Kocaman bir kapıdan girersin; o ana kadar yaşadığın her şeyi arkanda bırakarak. Ayak bastığın yerin ruhunda vardır cesaret ama ilk saatlerinde o cesaretten eser bulamazsın. Büyük ihtimalle de tanıyamazsın kendini. Dışarıda, her hareketine kendin karar verirsin; asarsın, kesersin ama bildiğin hiçbir şey, ait olduğun bu yeni yerde sökmez. Çoğu durumda, bildiğin, yanıldığına bile yetmez… İçini titreten bir yalnızlık hissedersin. İlkokul çağlarında olsan, biri gelip "Hadi arkadaşlarınla el ele tutuşun, oynayın" der, kaynaşır gidersin.
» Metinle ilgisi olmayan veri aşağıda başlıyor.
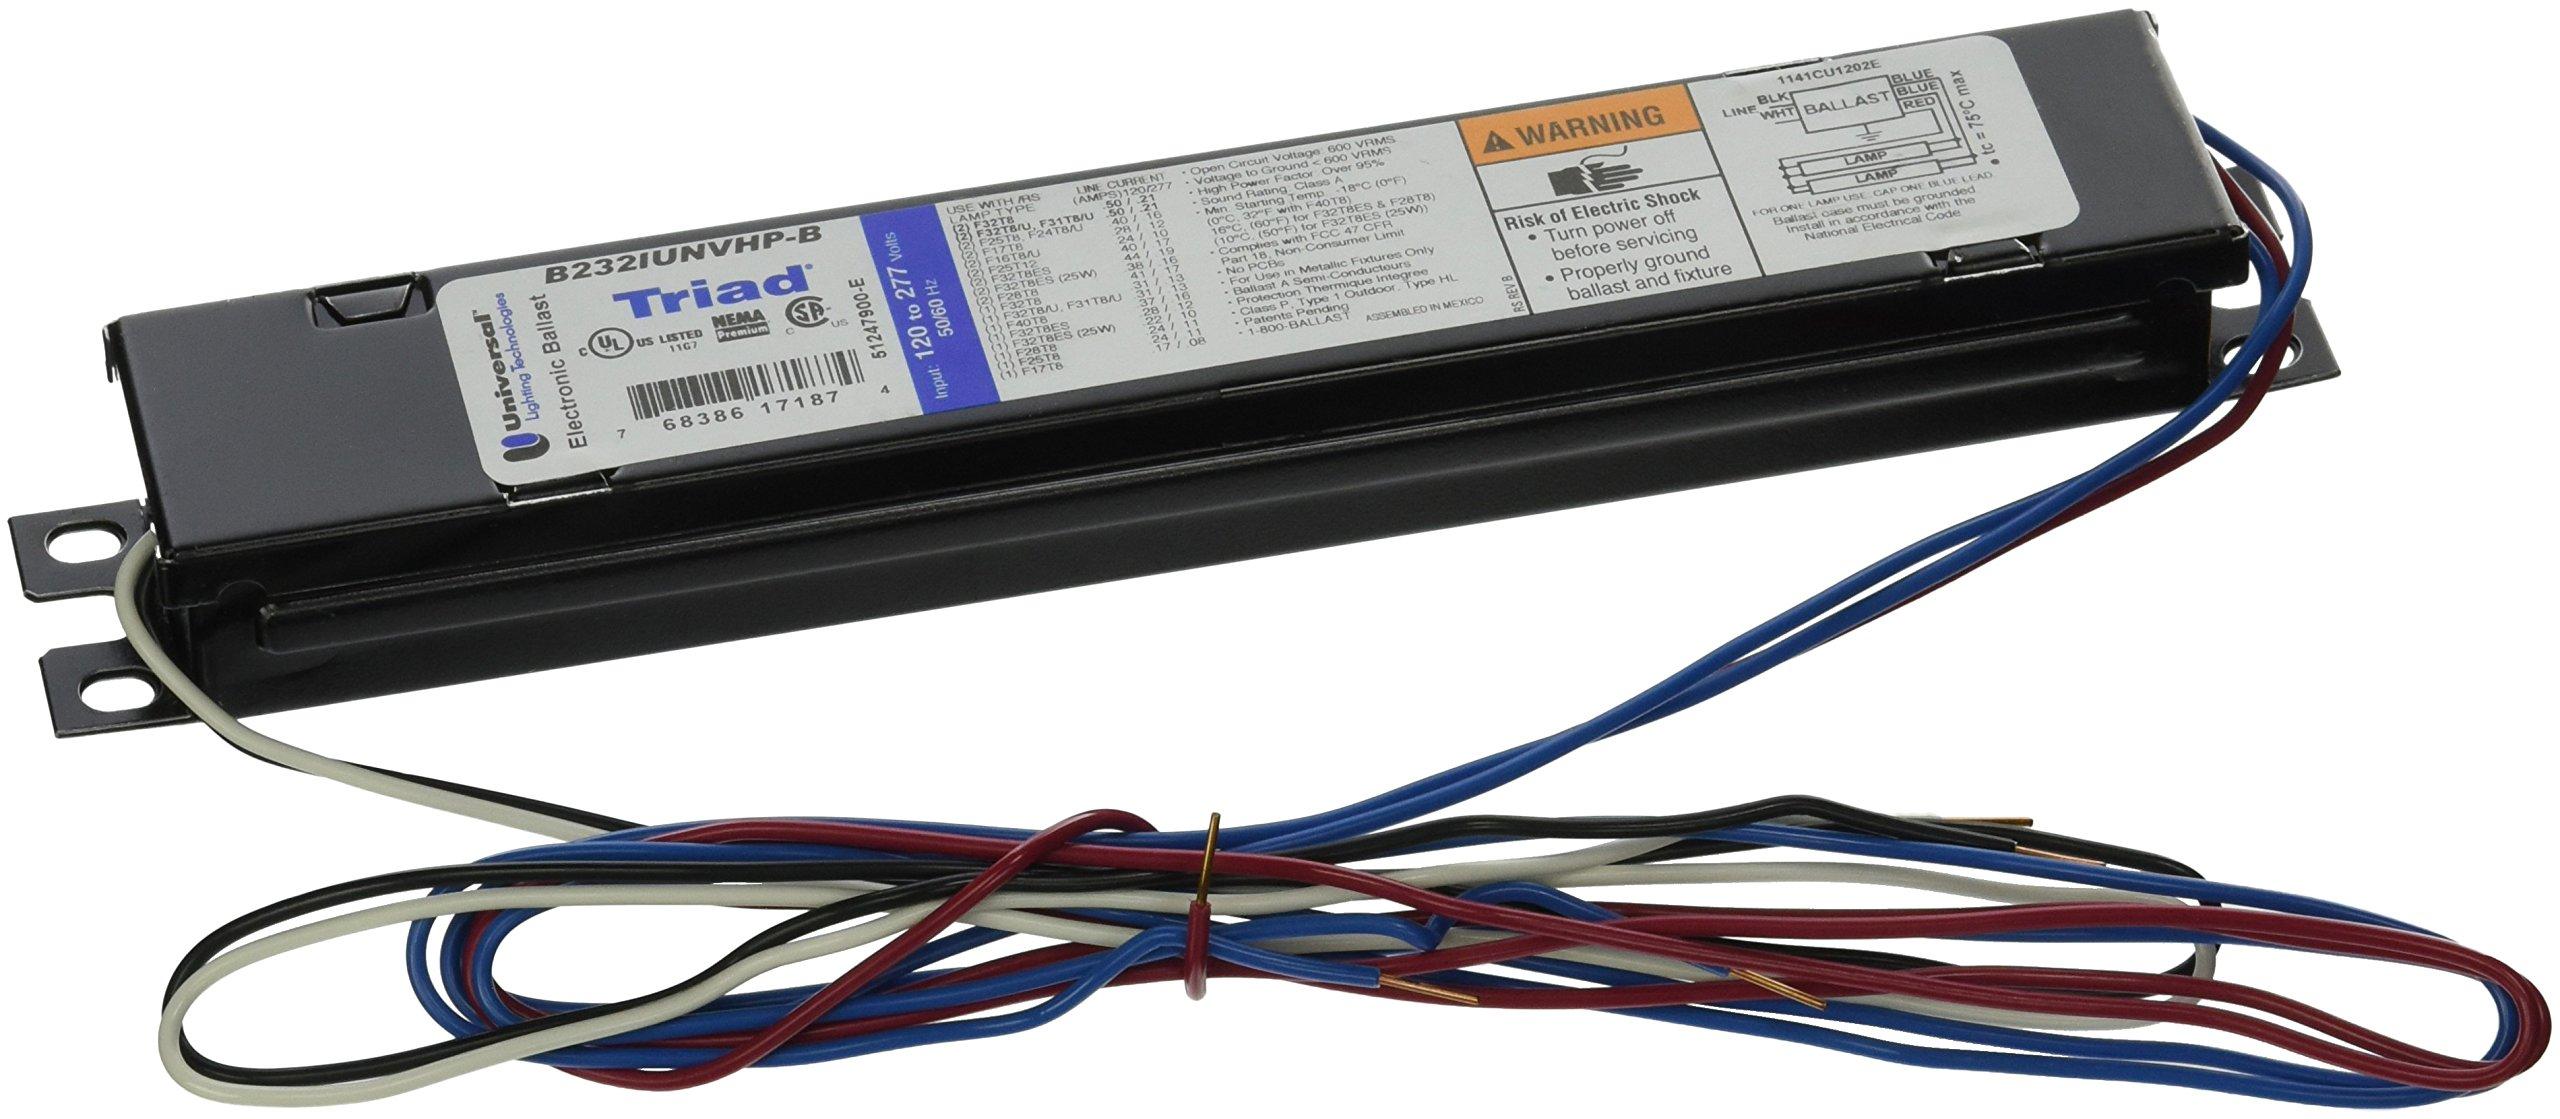 Universal Lighting Technologies B232IUNVHP-B Electronics Fluorescent Ballast
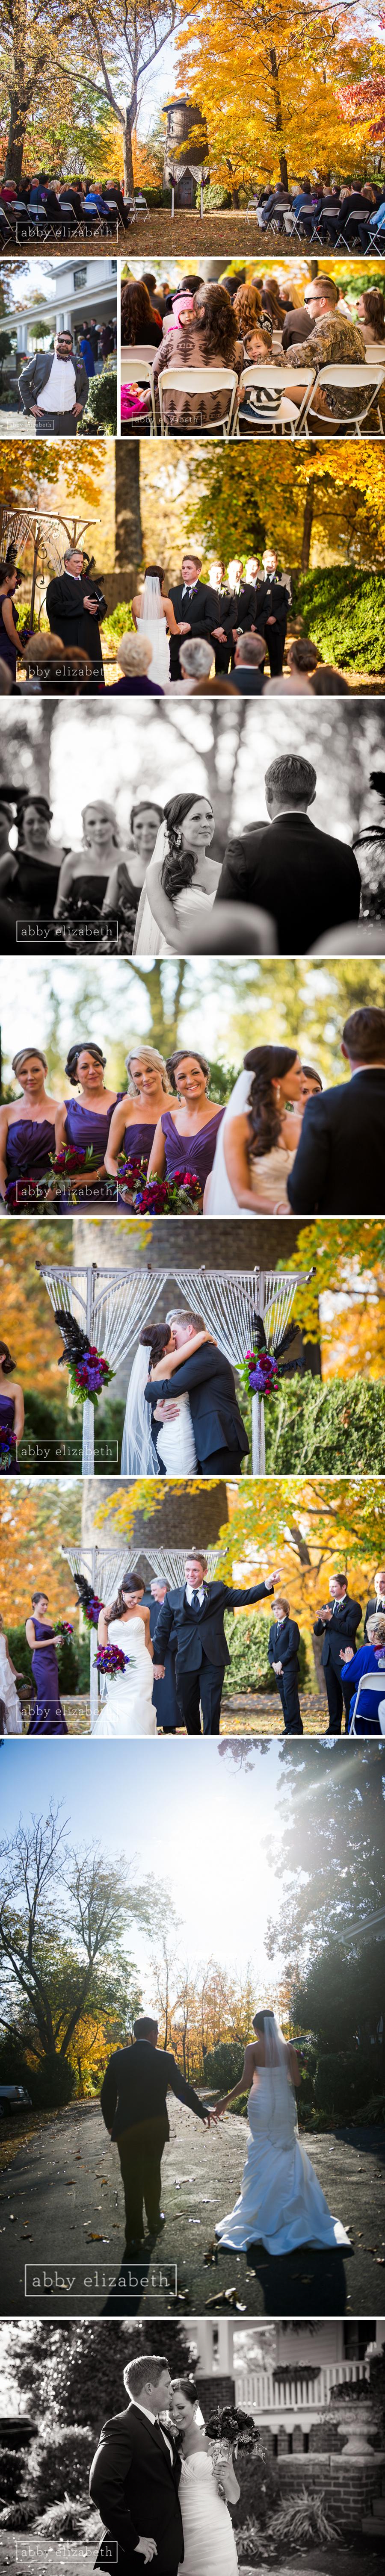 Fall_Wedding_Knoxville_TN_28.jpg

Ama bu yeni yerde, ilişkiler de bu kadar naif kurulmaz. Çünkü ortama, puslu bir gri ve yeşil hâkimdir; öyle hemen içli dışlı olmaya izin vermez. İlk gece koyarsın kafanı yastığa, uyuyacağım zannedersin, uyuyamazsın. Aslında uykunu dağıtacak hiçbir şey yoktur ama yine de uyuyamazsın. Kaldırırsın kafanı yastıktan, ranzada oturmaya başlarsın. Sağa sola baktığında da, seninle aynı durumda olan başkalarını görürsün.
HER ŞEY BİR SORUYLA
"Memleket neresi?" diye başlar sohbet. Ve bu soruldu mu, 'başkaları' olmaktan çıkar o insanlar. Ülkenin başka başka yerlerinden gelmiş, başka başka eğitimler almış insanlarsınızdır. Ama o sihirli, "Memleket neresi?" sorusuyla başlayan konuşma, bütün benzemezlikleri siler atar. Ortama yavaş yavaş ısınmışsındır. Sıra, kendinle olan mücadelene gelir. Öyle her yemeği yiyemeyeceğini, hijyen takıntın olduğunu düşünürsün. Üç gün bisküvi, maksimum bir hafta tostla beslenir; sonra paşa paşa girersin yemekhane sırasına… Günde iki defa duş almadan yapamayacağını zannedersin. İlk birkaç gün kafan kaşınır, akşam yatmadan kolonyalı mendillerle arındırırsın kendini; 15 gün sonra, haftada iki banyo, sana, beş yıldızlı otelin spa'sı gibi gelir. Zamanla o puslu gri ve yeşilin adamı olursun. Ülkenin her tarafından arkadaşlar edinmeye başlarsın. Akşam yemeği sonrası içilen çayda, memleket kurtarırsın. İki hafta önce, korkak gözlerle ayak bastığın toprakların kralısındır artık… Bu durumundan, en az senin kadar memnun olan başka birisi de vardır; baban. Bir elin silahta, bir elin arkadaşında yemin ederken, 'aslan' yetiştirdiğini düşünür, gururlanır. Sen gün boyu yemekhanede bulaşık da yıkasan, mıntıka temizliği de yapsan; baban seni 'Rambo' olarak görür… Ve, o günü hayatının en özel günlerinden biri yapar… Özel günler yaratmak iyidir. Her ne kadar, tüketim çılgınlığının bir ürünü olarak görülse de, tüm özel günler iyidir. Çünkü rutinden farklı bir mutluluk kaynağı yaratır. Sevgililer Günü, Anneler Günü, doğum günü, yıldönümü… Ne olduğu önemli değildir; maksat, kendinden başka insanları sevindirecek küçük mutluluklara imkân tanımaktır.
BABALAR GÜNÜ
Bir erkeğin, çocuğundan ilk duymak istediği kelimedir 'baba'. "Baba dedi, baba dedi!" diye de, ölümsüzliştirmektir o anı, işin raconu. Bu sene, Babalar Günü'nde 11 baba, yemin törenlerinde gururdan ağladığı çocuklarını toprağa verdi… Tam 11 baba… Şimdi çıkıp, türlü türlü açıklamalar yapılıyor ya; hepsi boş… Bu ülkede 11 baba, artık Babalar Günü'nü kutlayamayacak… Her seferinde, o puslu gri ve yeşilin adamı olmuş oğulları gelecek akıllarına… Bir daha Babalar Günü'nün gelmesini istemeyen 11 bir baba; bence bundan daha trajik bir durum yoktur…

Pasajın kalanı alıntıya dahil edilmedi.